LUCREZIA
Il massimo esempio della matrona è Lucrezia, di cui ci narra Tito Livio nella sua “Ab Urbe Condita libri”.
Lucrezia, figlia di Spurio Lucrezio Tricipitino e moglie di Collatino, è una figura mitica della storia di Roma legata alla cacciata dalla città dell'ultimo re Tarquinio il Superbo.
Secondo la versione riportataci da Tito Livio, l’ultimo re di Roma, Tarquinio il Superbo, aveva un figlio di nome Sesto Tarquinio. Costui durante l’assedio della città di Ardea, allora appartenente ai Rutuli e attualmente parte del Lazio, decide con un gruppo di nobili di tornare a Roma al fine di cogliere di sorpresa le mogli di ciascuno di loro e vedere cosa fanno in assenza dei propri mariti. Di questo gruppo faceva parte Collatino, il quale sostiene che nessuna donna potrebbe mai eguagliare la pudicizia, la laboriosità e la fedeltà di Lucrezia, sua moglie. Infatti, mentre le mogli degli altri uomini sono state colte mentre banchettavano e si dedicavano ad atti indegni, Lucrezia viene trovata a tessere con le sue ancelle. A quella vista Sesto Tarquinio fu preso dalla insana smania di averla a tutti i costi. Questi allora, qualche giorno dopo, andò a far visita a Lucrezia la quale, ignara delle sue intime intenzioni, lo accolse. Quella stessa notte l’uomo si recò nella stanza della nobildonna e, puntandole un coltello al petto, le disse che se avesse parlato l’avrebbe uccisa. Egli, dopo aver cercato di piegare con suppliche l’animo della donna, passo alle minacce; Lucrezia, a quel punto, cedette al fine di non essere ingiustamente accusata di azioni che non aveva mai compiuto. Lucrezia, violata e spogliata del suo onore, fece chiamare il padre e il marito e, dopo aver raccontato loro il tragico fatto, gli fa promettere che si sarebbero vendicati. Lucrezia allora pronuncia le parole «E da oggi in poi, più nessuna donna, dopo l’esempio di Lucrezia, vivrà nel disonore!» e, tirato fuori un pugnale, se lo pianta nel cuore.
PORZIA
Nel 42 a.C. Bruto e Cassio, gli assassini di Cesare, vengono sconfitti a Filippi. Bruto lascia una vedova inconsolabile: Porzia, figlia di Catone Uticense. Venuta a sapere della morte del marito, Porzia tenta di uccidersi in tutti i modi. I suoi parenti e i suoi amici però la ostacolano nel suo volere, ma non per molto.

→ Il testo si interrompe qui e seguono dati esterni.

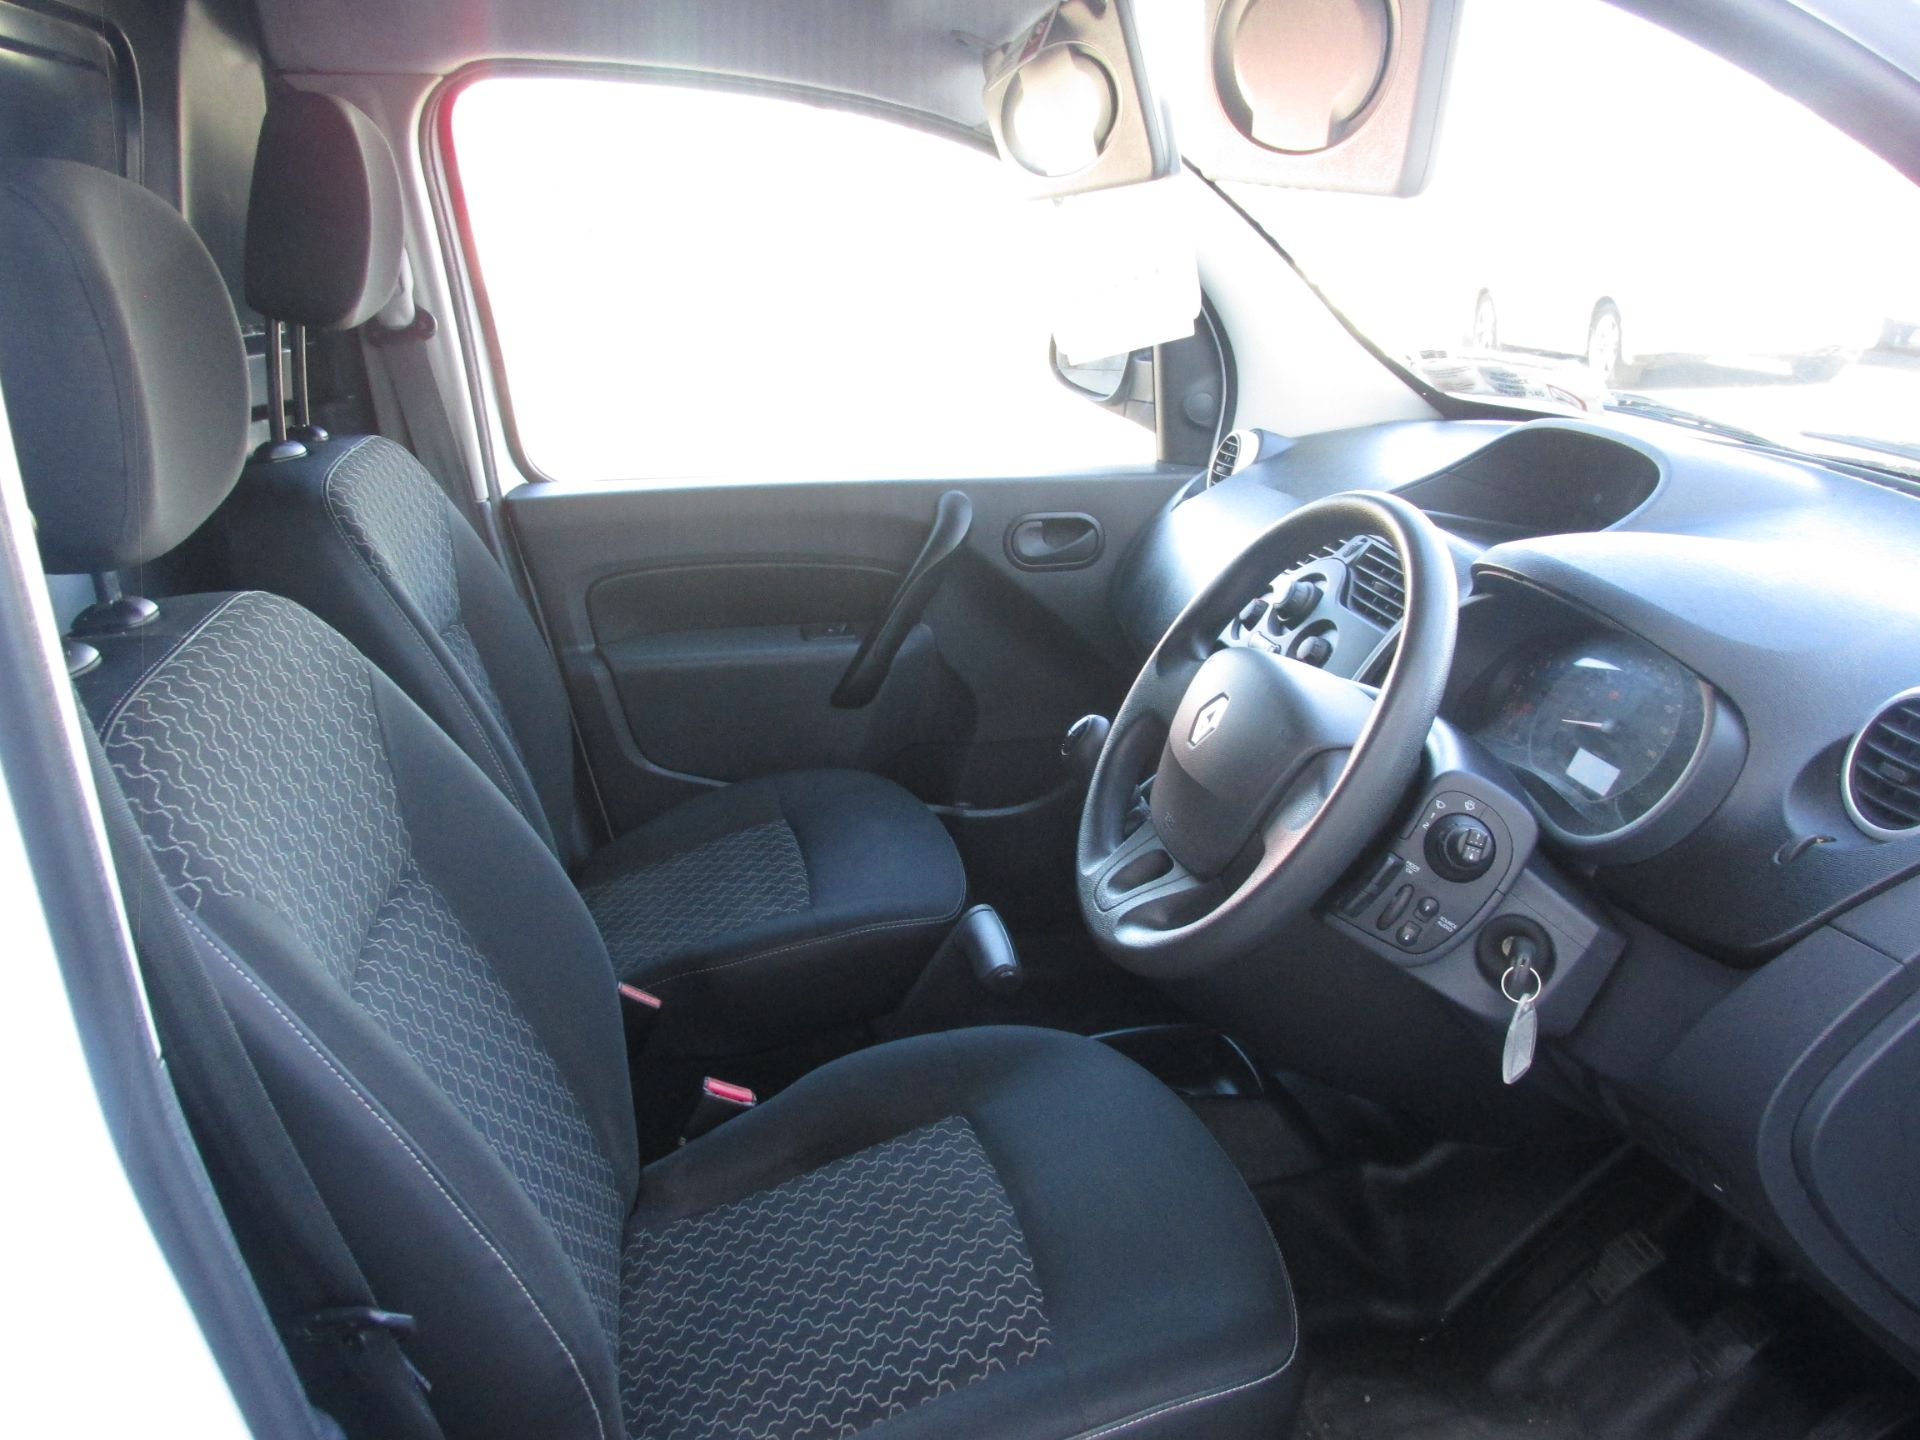 2015 Renault Kangoo 1.5 DCI 90BHP 2015 2DR (152D18874) Image 12

Porzia, dopo aver visto i carboni ardenti nel camino, se ne riempie le mani, poi la bocca, poi li divora, poi li deglutisce. Muore, finalmente felice, «inghiottendo castissimi carboni ardenti» come dice Valerio
Massimo. Questo episodio, raccontato ed esaltato anche dallo stesso Marziale, rispecchia un costrutto sociale ben preciso: da una moglie perfetta ci si aspettava che non desiderasse sopravvivere al marito, in quanto non poteva né vivere né esistere senza di lui.
ARRIA
Arria, moglie di Cecina Peto, era stata per tutta la vita un esempio e un monito tanto per se stessa quanto per gli altri. Quando infatti uno dei suoi figli si ammalò di un morbo che lo avrebbe condotto alla morte proprio nello stesso periodo in cui Peto giaceva ammalato sul suo letto, Arria nascose al marito l’accaduto al fine di non addolorarlo. Ogni volta che entrava nella stanza del marito asciugava le lacrime che le avevano solcato il viso e si ricomponeva. Questa strepitosa donna diede la prova definitiva di sé quando, nel 42 a.C., il marito venne condannato a morte poiché coinvolto in una congiura contro
l’imperatore Claudio. Per evitare il disonore Peto non poteva fare altro che suicidarsi ma egli, spaventato dalla morte, esitava. A quel punto la moglie lo convinse a fare il suo dovere, promettendogli che l’avrebbe seguito; Arria, afferrata la spada, se la conficcò nel ventre e poi la diede al marito. Marziale, nel suo racconto, dice: «Nel porgere al suo Peto la spada / estratta dalle sue viscere, la casta Arria / disse: -Non mi fa male la ferita che mi sono fatta, / Peto. Mi fa male solo quella che tu ti farai-».
MESSALINA
Sicuramente non serve avere una conoscenza approfondita della storia romana per sapere cos’è una «messalina». È una donna dai costumi riprovevoli, dai molti amanti, dai presunti insaziabili appetiti sessuali. Così è entrata nell’immaginario popolare
Valeria Messalina, moglie dell’imperatore Claudio. Leggendo le fonti, si può sospettare che Messalina fosse diversa dall’immagine che le è stata modellata addosso quando ancora era in vita, e dalla quale non si è mai più liberata.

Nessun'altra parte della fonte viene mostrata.